Data segment:
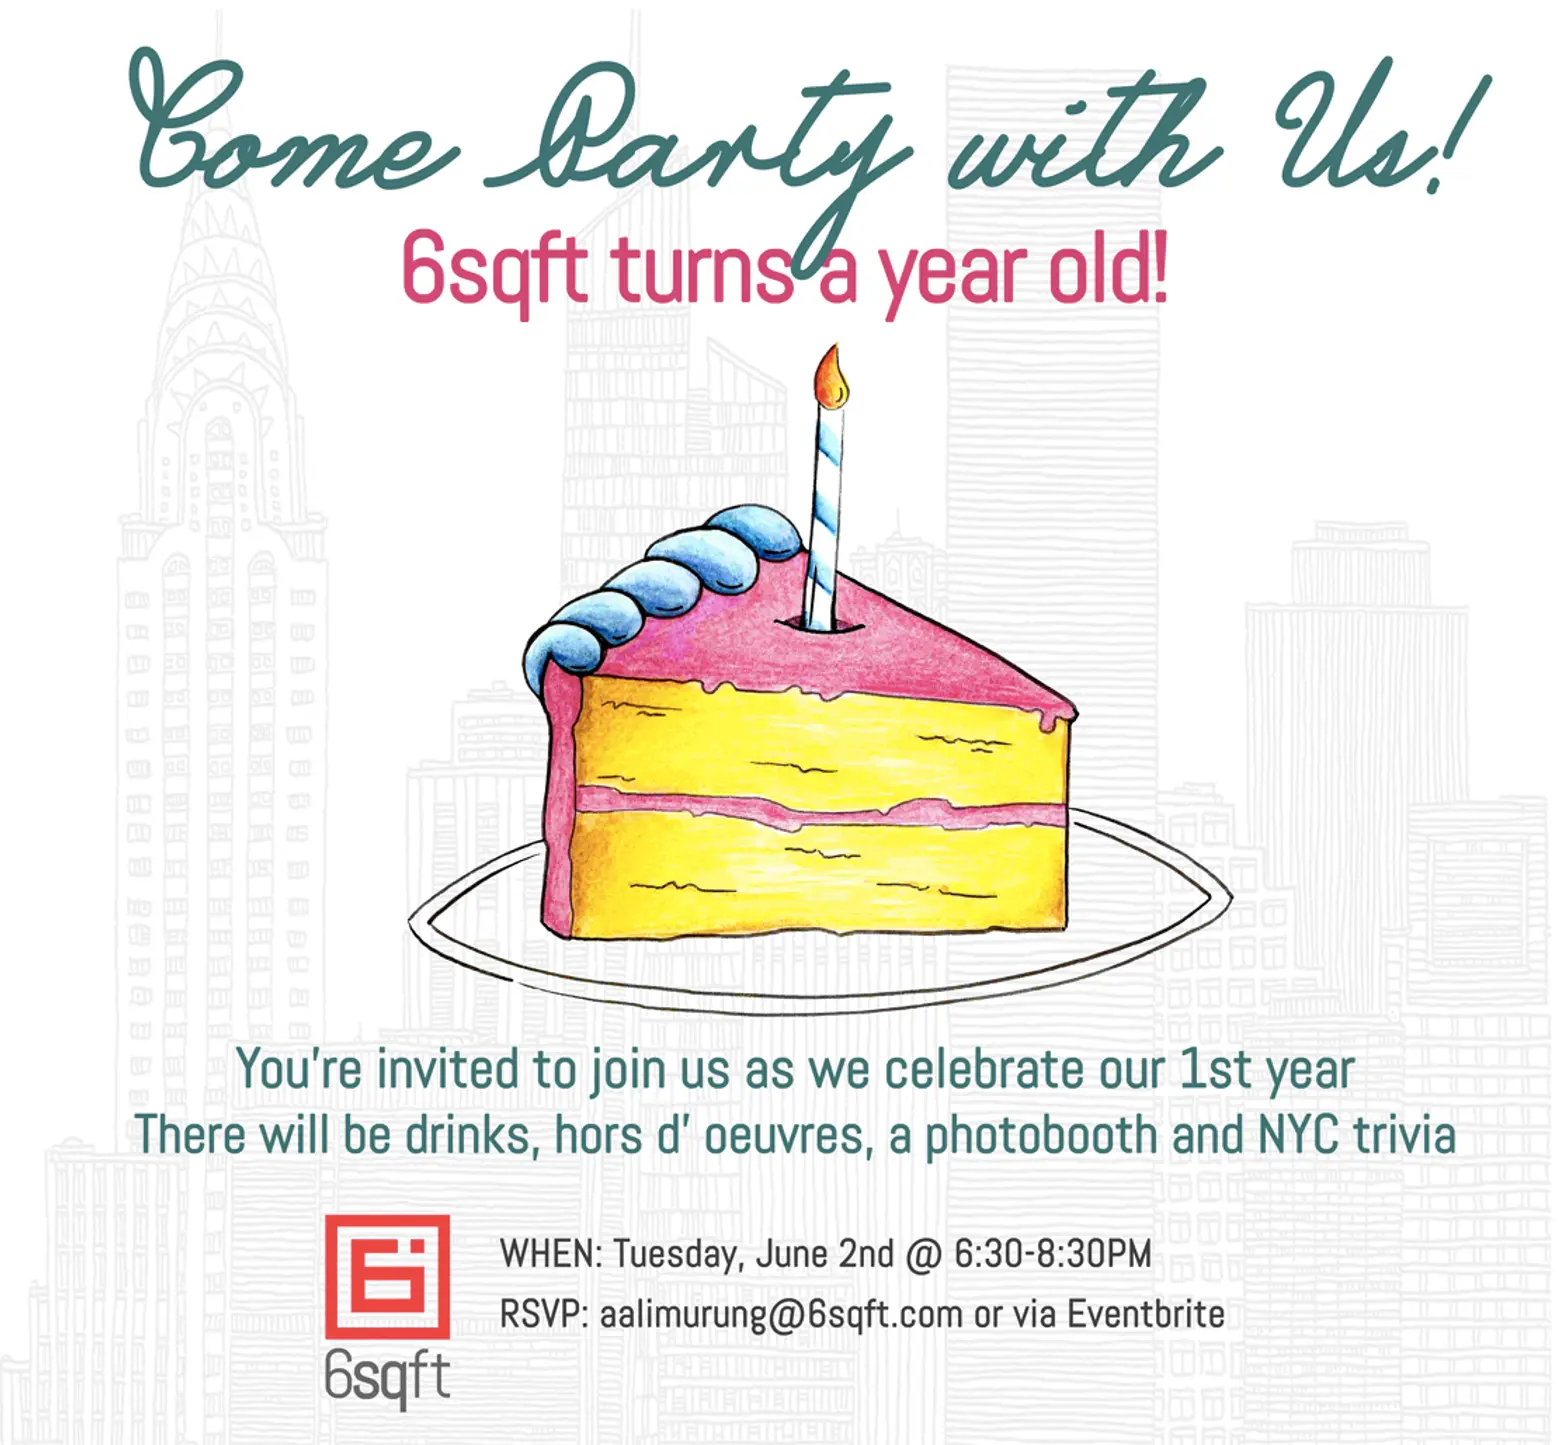 YOU’RE INVITED: Come Celebrate Our 1st Birthday with Us!
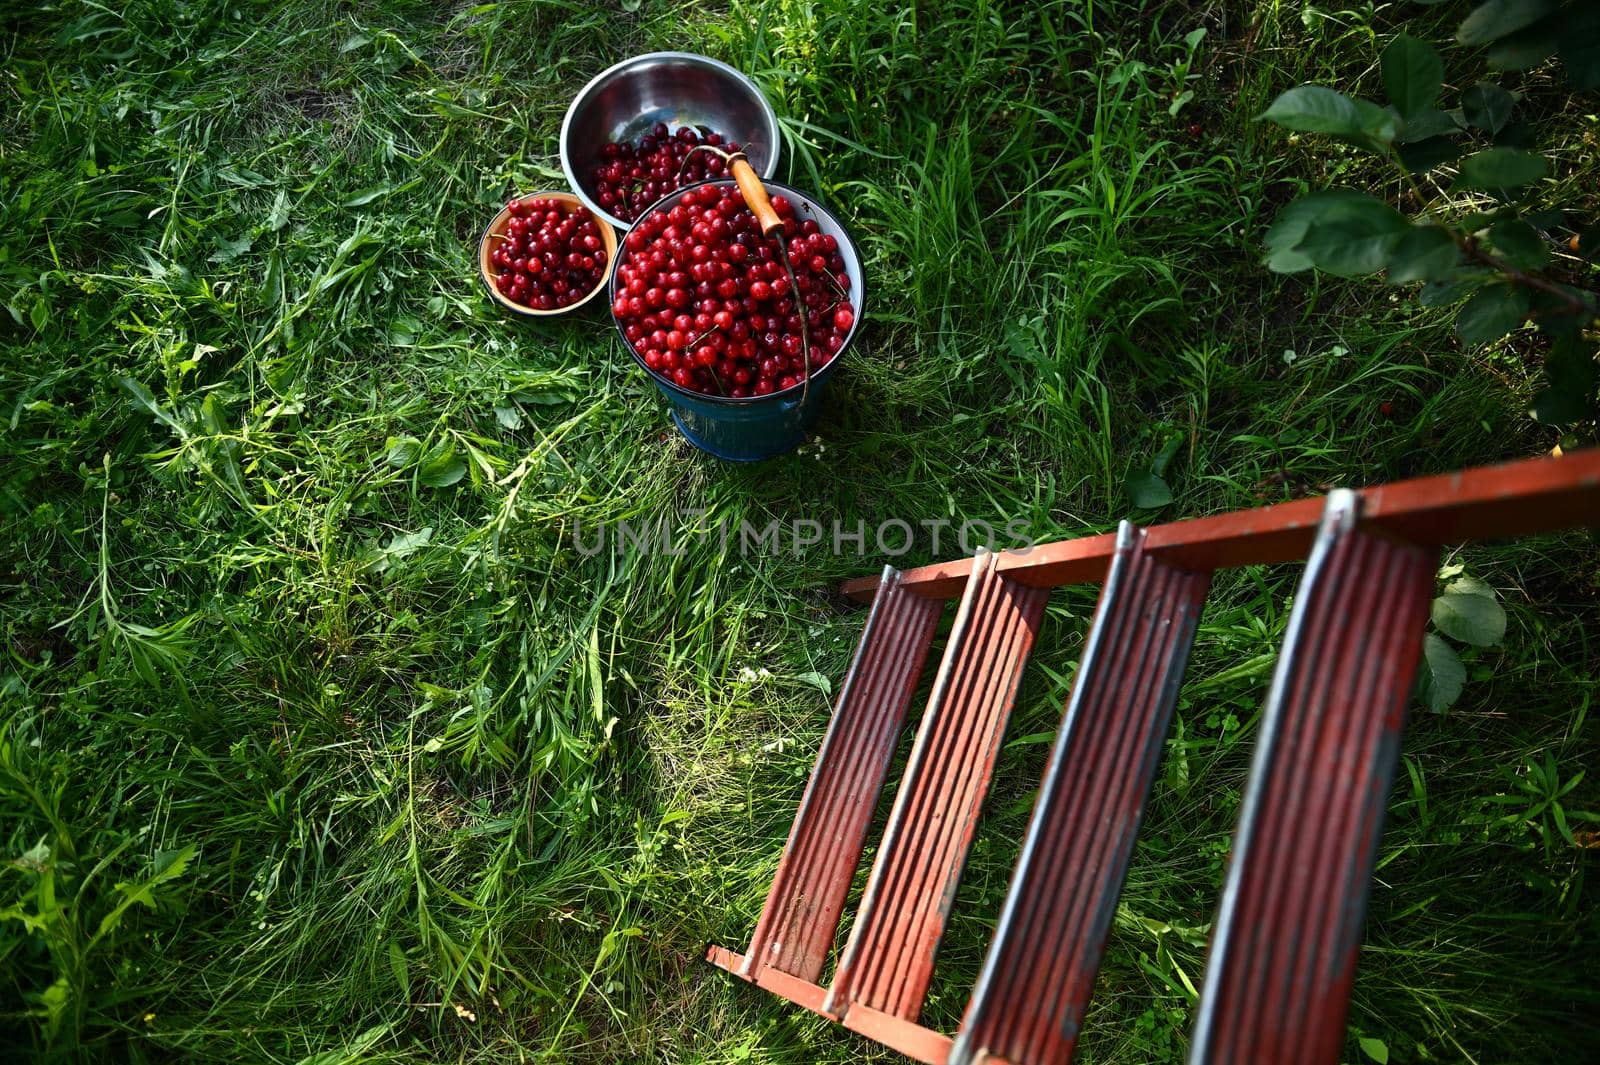 High angle view of stepladder on harvest cherries in metal blue bucket and bowls, lying on a green grass in orchard by artgf
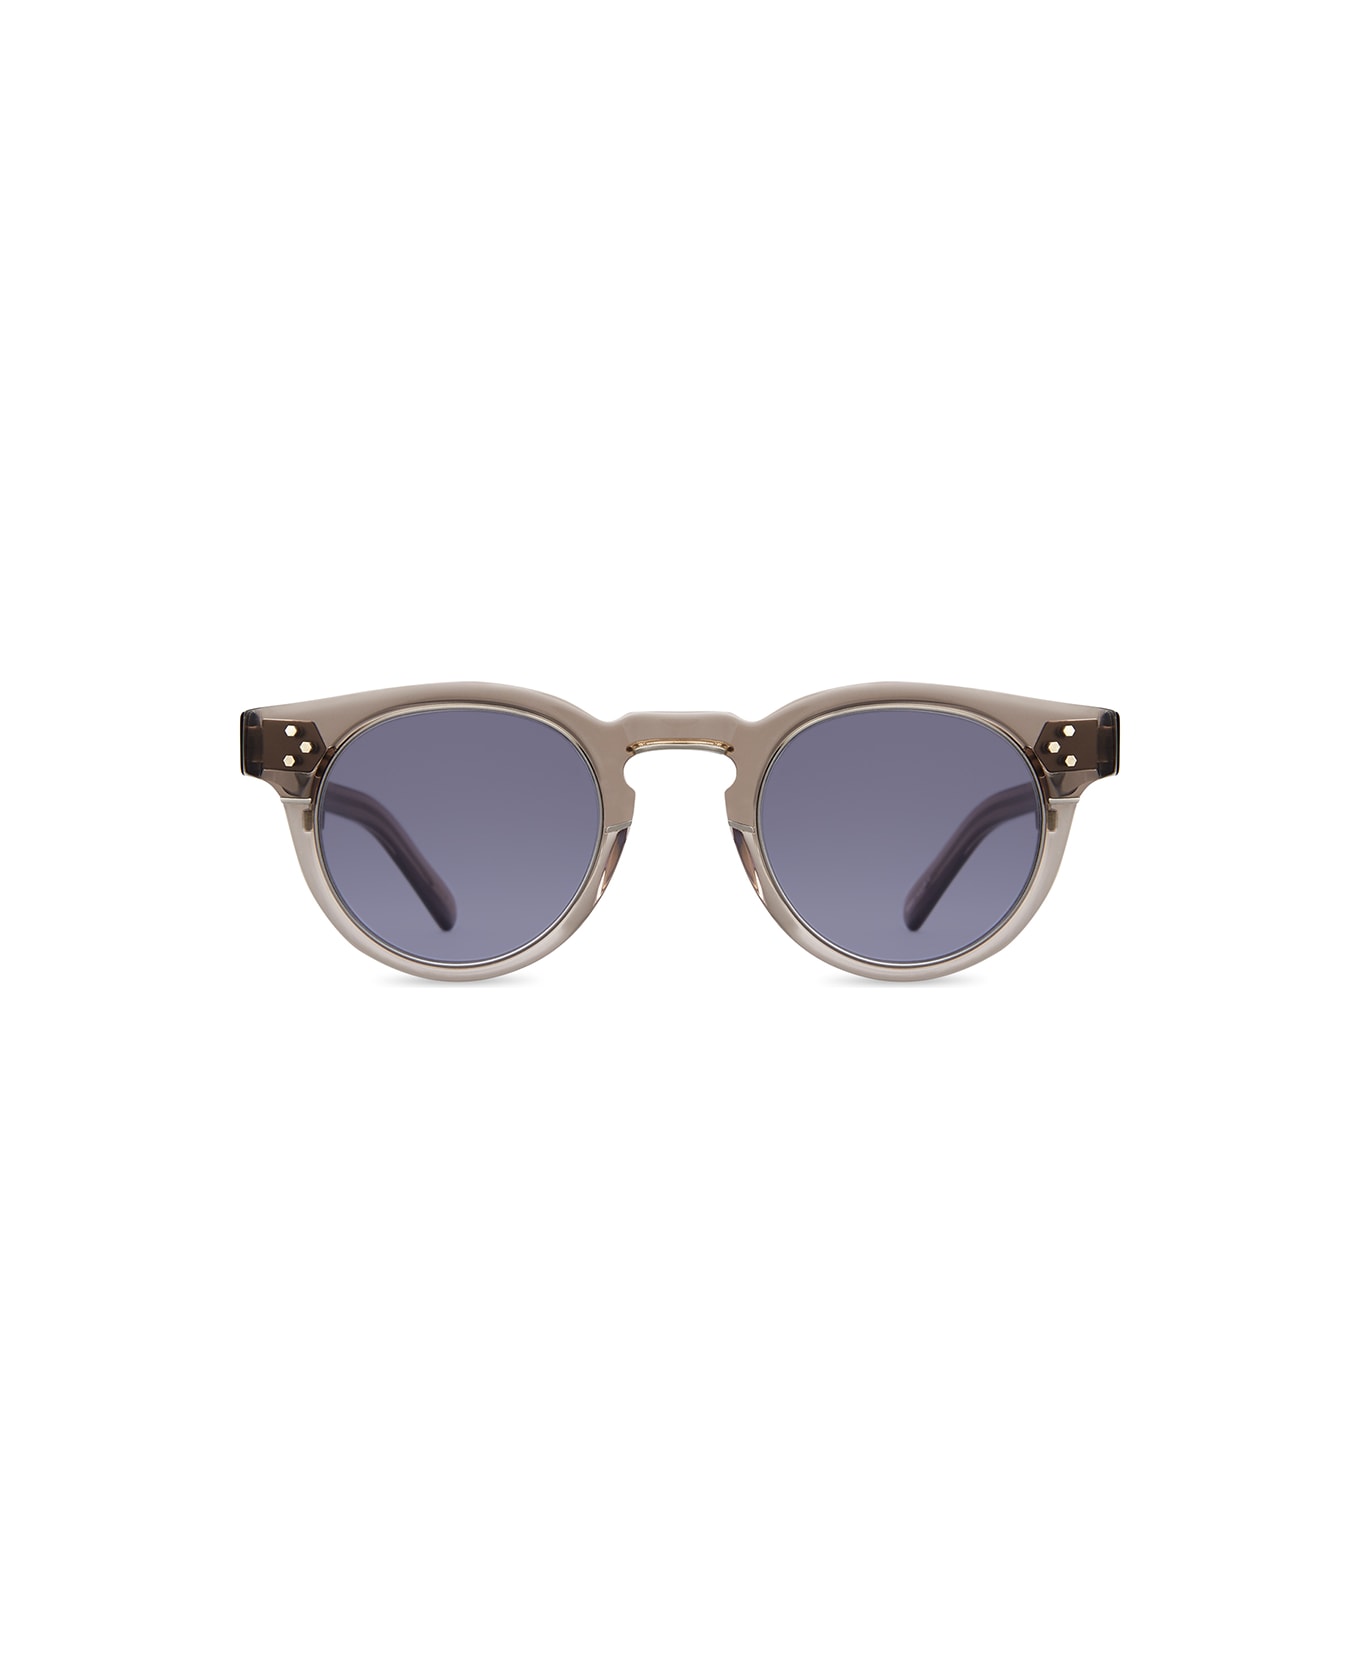 Mr. Leight Kennedy S Grey Crystal-matte Platinum Sunglasses -  Grey Crystal-Matte Platinum

To do: Type the material out again exactly. Skip the pictures.

Response for this exercise:
 YOU’RE INVITED: Come Celebrate Our 1st Birthday with Us!
 High angle view of stepladder on harvest cherries in metal blue bucket and bowls, lying on a green grass in orchard by artgf
 Mr. Leight Kennedy S Grey Crystal-matte Platinum Sunglasses -  Grey Crystal-Matte Platinum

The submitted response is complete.